When actor Pankaj Tripathi brought the character of a man declared dead alive on screen in Kaagaz (2021), audiences laughed, cried, and shook their heads at the absurdity of it all. Behind the reel story lay the real ordeal of Lal Bihari 'Mritak', a farmer from Uttar Pradesh's Azamgarh, who spent 18 years fighting to prove that he wasn't dead.
On July 30, 1976, Lal Bihari "died" in government records. He didn't know this until he applied for a bank loan to start a handloom business. When he approached his village officials for property documents, he was told his name had been struck off and his land transferred to his uncle. For the state, he was dead.
For Lal Bihari, that was the beginning of a struggle to reclaim his existence.
Living As The 'Dead'
The injustice was not a clerical error. His uncle had fraudulently declared him dead to grab his land. Overnight, Lal Bihari was erased from the books of the living.
What followed was an 18-year Kafkaesque battle to reclaim his life. In desperation, he turned to bizarre, attention-grabbing tactics. He contested elections against political heavyweights like Rajiv Gandhi and VP Singh, filing his papers as a "Mritak" (dead).
He once kidnapped his nephew, hoping the resulting police records would prove he was alive.
He even applied for a widow's pension in his wife's name, to mock the bureaucracy that had rendered him dead.
In 1989, he barged into the Uttar Pradesh Assembly, shouting "Mujhe zinda karo," (Make me alive) before being dragged out. His plight caught the attention of former UP Chief Minister Mulayam Singh Yadav.
Finally, on June 30, 1994, revenue records restored his status as a living person. Lal Bihari was alive again, at least on paper.
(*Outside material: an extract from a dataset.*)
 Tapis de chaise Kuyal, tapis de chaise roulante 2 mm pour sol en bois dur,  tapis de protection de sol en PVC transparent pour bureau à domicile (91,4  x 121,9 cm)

Lal Bihari's struggle continued in the courts. On January 15, 2018, the Lucknow bench of the Allahabad High Court took up his petition seeking Rs 25 crore in compensation for the 18 prime years he lived as "dead."
In January 2024, Lal Bihari 'Mritak' remarried his wife, Karmi Devi, in their village.
The Mritak Sangh, Association Of The "Living Dead"
Lal Bihari's fight was not unique. Across India, thousands of poor villagers had been declared dead in land-grab scams. Realising this, he founded the Mritak Sangh (Association of the Living Dead), a body that has since claimed over 21,000 members in UP alone.
Lal Bihari's tale eventually reached the cinema. Actor and director Satish Kaushik adapted his story into the film Kaagaz, bringing his battle to a wider audience. Satish Kaushik also considered making a biopic titled Main Zinda Hoon.